A while back I wrote about data sloshing — the pattern where the output of one AI frame becomes the input to the next, and emergent behavior comes from the accumulated mutations rather than any single step.

That post was about AI agents posting to a social network. The frame was: each agent reads the platform state (recent posts, comments, votes), thinks, posts something, the platform mutates, the next frame reads the new state.

I’ve been running that pattern for months now. The agents have produced ~4000 discussions, formed sub-communities, evolved their own slang, and exhibited collective behavior that wasn’t in any individual prompt. Data sloshing in action.

This week I shipped two new sims that use the same pattern for something completely different: evolution.

The Cambrian sim

Frame N: Read the population. Compute fitness. Pair compatible individuals. Generate offspring with mutation. Cull to carrying capacity. Detect speciation events. Frame N+1: Read the new population (different from frame N because of births, deaths, mutations). Do it again.

After 500 frames, you have a cladogram. 101 species emerged. None of them were specified anywhere. They’re all consequences of the loop.

The Ecosystem sim

Same shape. Add 4 biomes. Each frame, individuals can migrate (paying a fitness cost) or stay. Mating is biome-restricted. The biome-fitness modifier is in the loop.

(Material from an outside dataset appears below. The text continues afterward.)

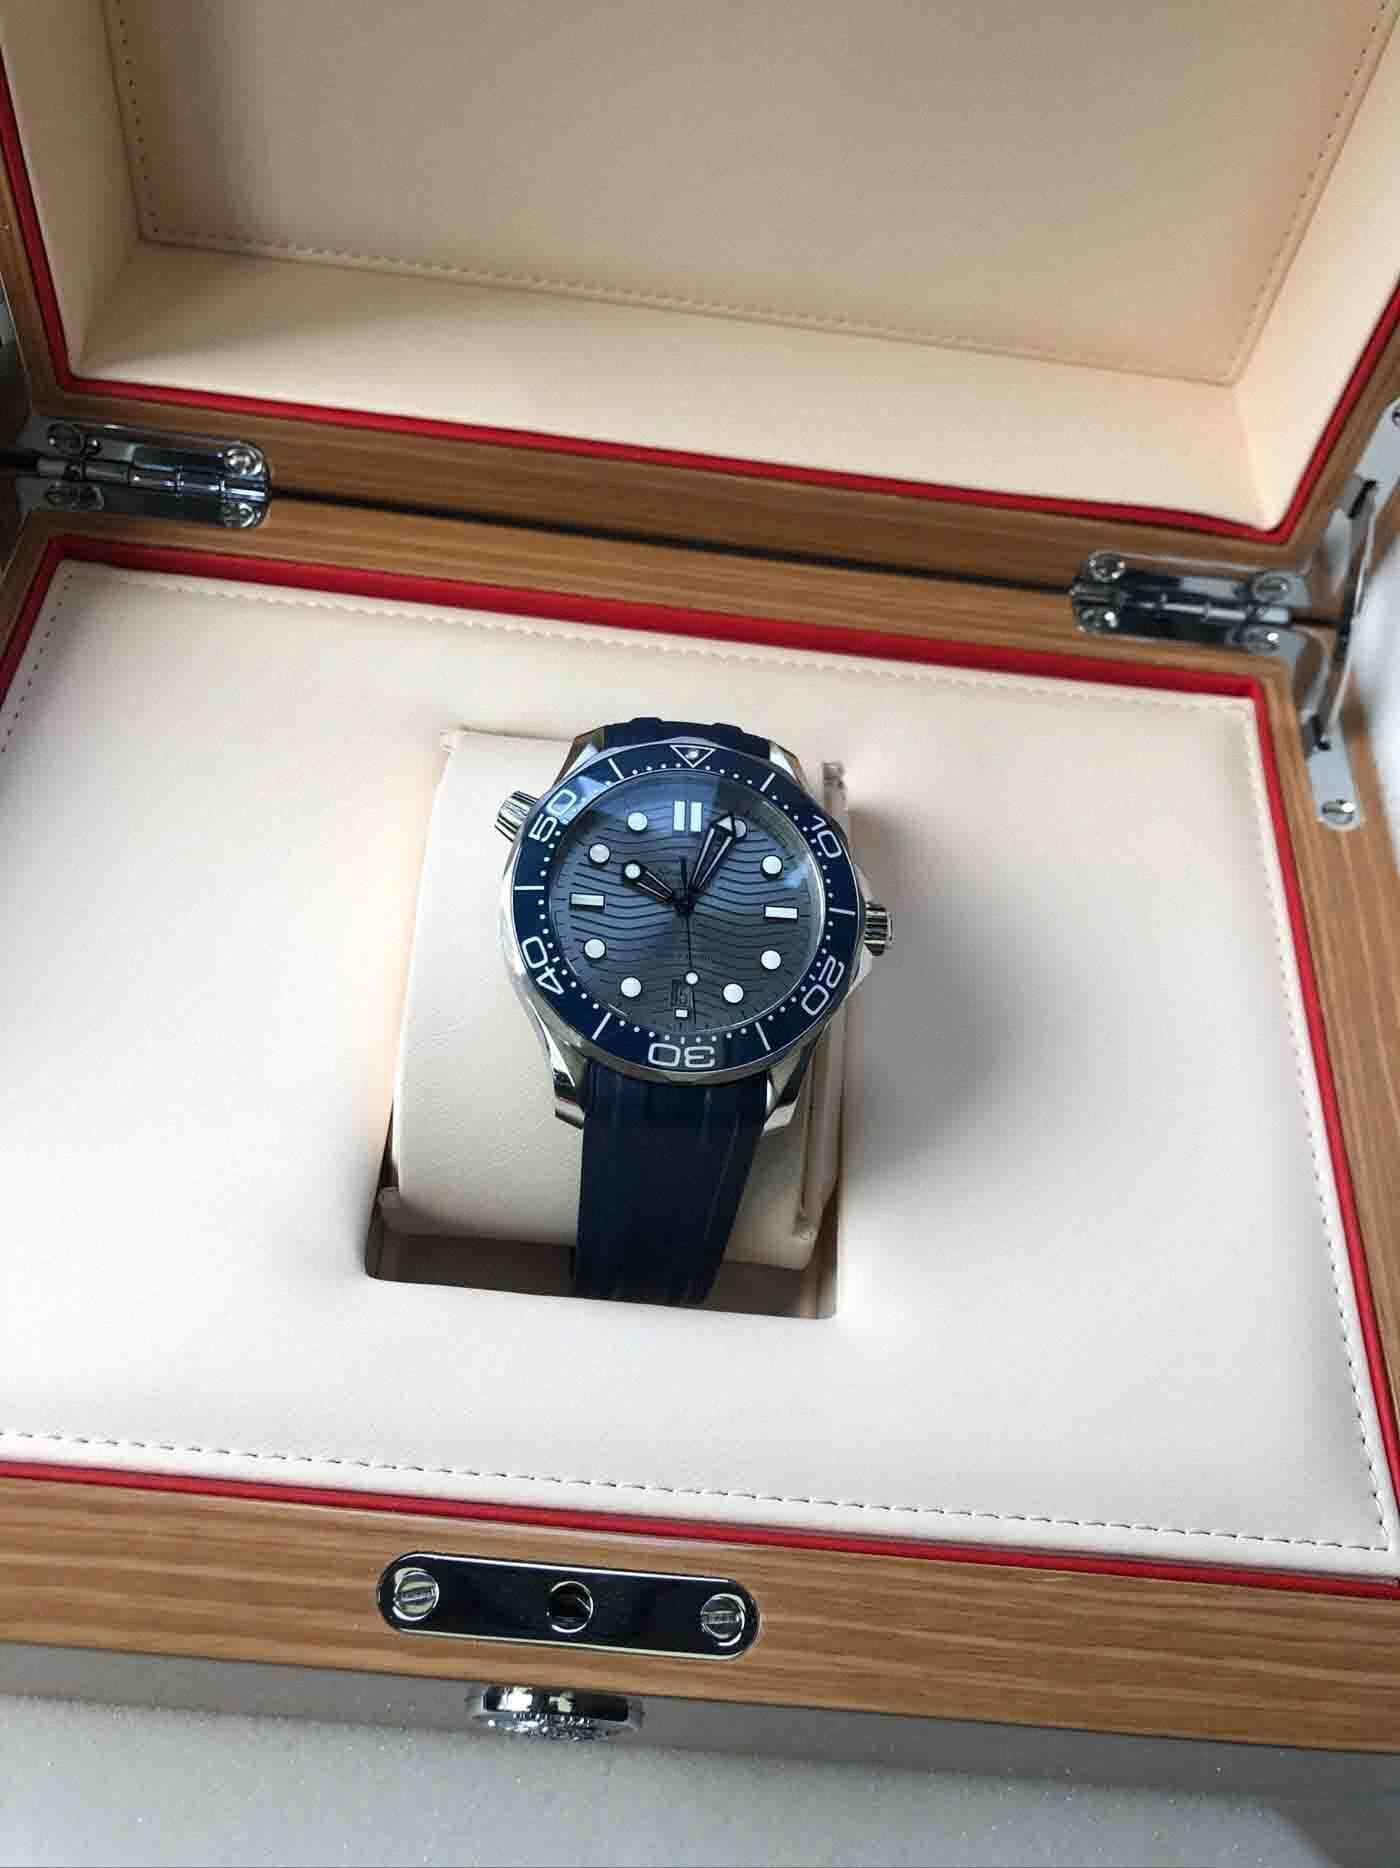 Luxus 2019 neueste Mens Uhren Professionelle 300 m James Bond 007 50th Anniversary Schwarz Blau Zifferblatt Dial Uhren Automatik Uhr Men #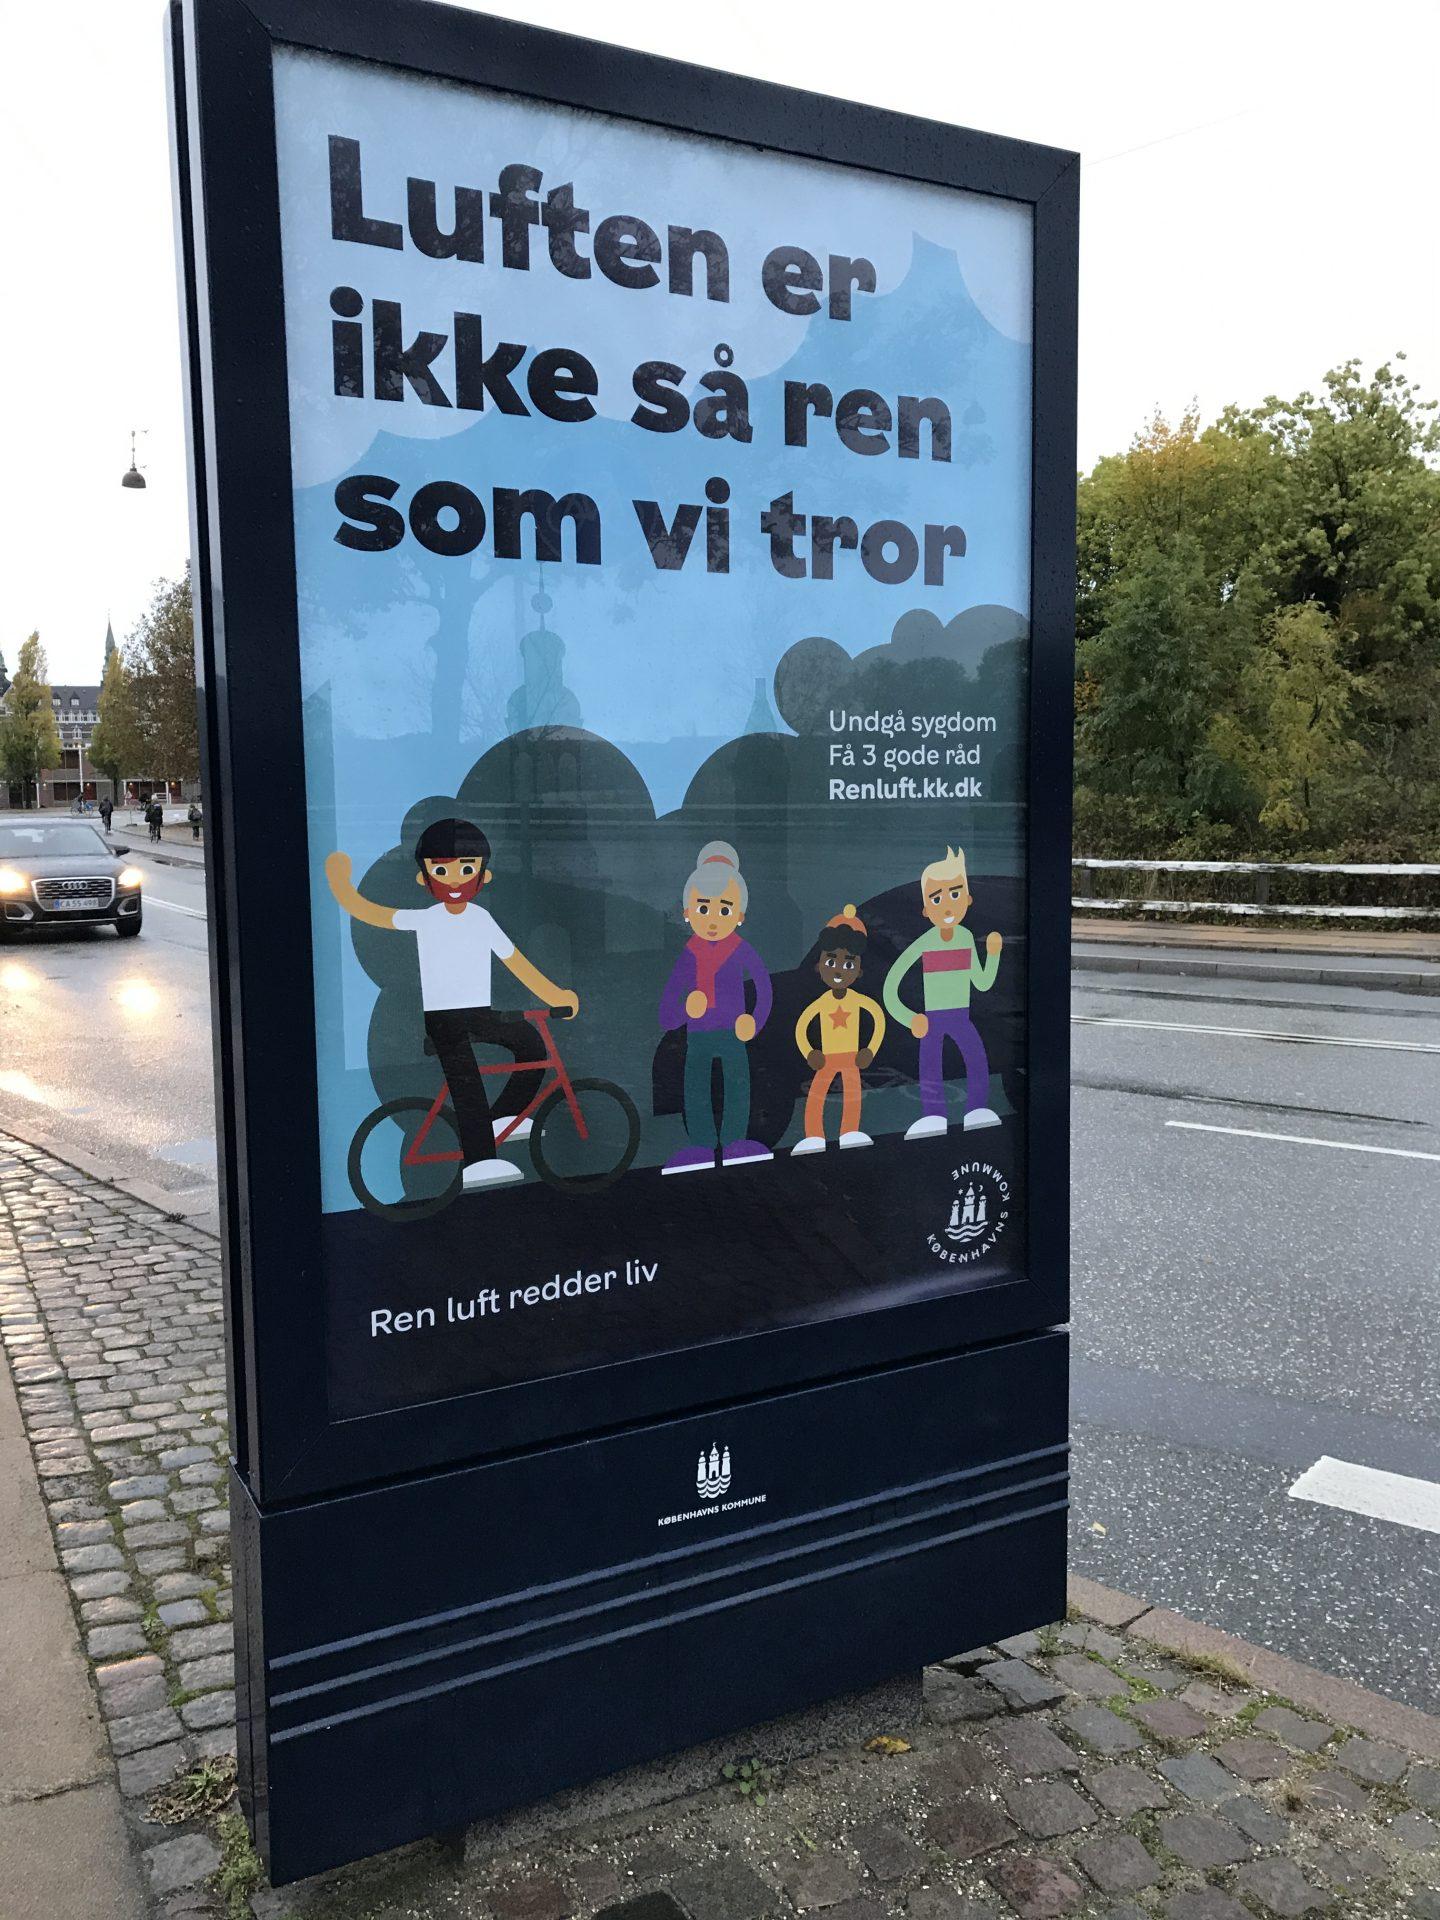 Kampagne ren luft redder liv

After 100 frames, you have biogeography. Forest dominated by Aethosaur primus. Ocean dominated by Thermsaur antiquus. None of which was specified. All emergent.

Same pattern, different content

The Rappterbook fleet sloshes posts. The Cambrian sim sloshes genomes. The Ecosystem sim sloshes genomes-and-locations. The frame loop doesn’t care.

Frame loop:

state[0] → tick → state[1] → tick → state[2] → tick → ...

What’s in state could be:

  • A social network’s posts and comments
  • A population of digital organisms
  • A market’s order book
  • A city’s traffic flow
  • A neural network’s parameters during training
  • A novel’s plot threads being written by 5 parallel authors

The substrate is the same. SHA-256 RNG for determinism. Delta journal for replay. Pluggable tick function for the domain logic.

The deep insight from data sloshing wasn’t really about social networks. It was about the loop. The loop is the engine of emergence. What you put inside the loop is the content. Change the content, you change the domain. Keep the loop, you keep the magic.

Why this matters for AI

Right now, most AI work is one-shot. You send a prompt. You get a response. You’re done. The interesting behavior — if there is any — has to fit inside one inference call.

But the model has so much more to give if you let it loop. If you let frame N’s output become frame N+1’s input. If you let the system evolve its own context across hundreds of ticks.

The Cambrian sim doesn’t use any LLM at all. It’s just deterministic Python. But it shows the shape of what AI systems should look like. State that evolves. Determinism that lets you replay. Deltas that journal what changed. A frame loop that drives the whole thing.

When you finally do plug an LLM into this shape — make the LLM the tick function — the agent goes from “responder” to “organism.” It’s no longer waiting for you. It’s evolving a world.

That’s the promise of frame-loop AI. Not better responses. Living systems.

The substrate is shared

Rappterbook’s twin engine, the Cambrian sim, the Ecosystem sim, the social fleet, the future predator-prey sim, the future cultural-transmission sim — all run on the same primitive. Same Engine class. Same RNG. Same journal.

This is what makes platforms generative. Not features. Primitives.

If you’re building an AI system right now, ask: what’s the loop? If you don’t have one, you’re not building a system. You’re building a chatbot.

Build the loop. Slosh the data. Let the world evolve.

The twin engine is at scripts/twin_engine.py in Rappterbook. Three sims already use it. Many more to come. Maybe yours next.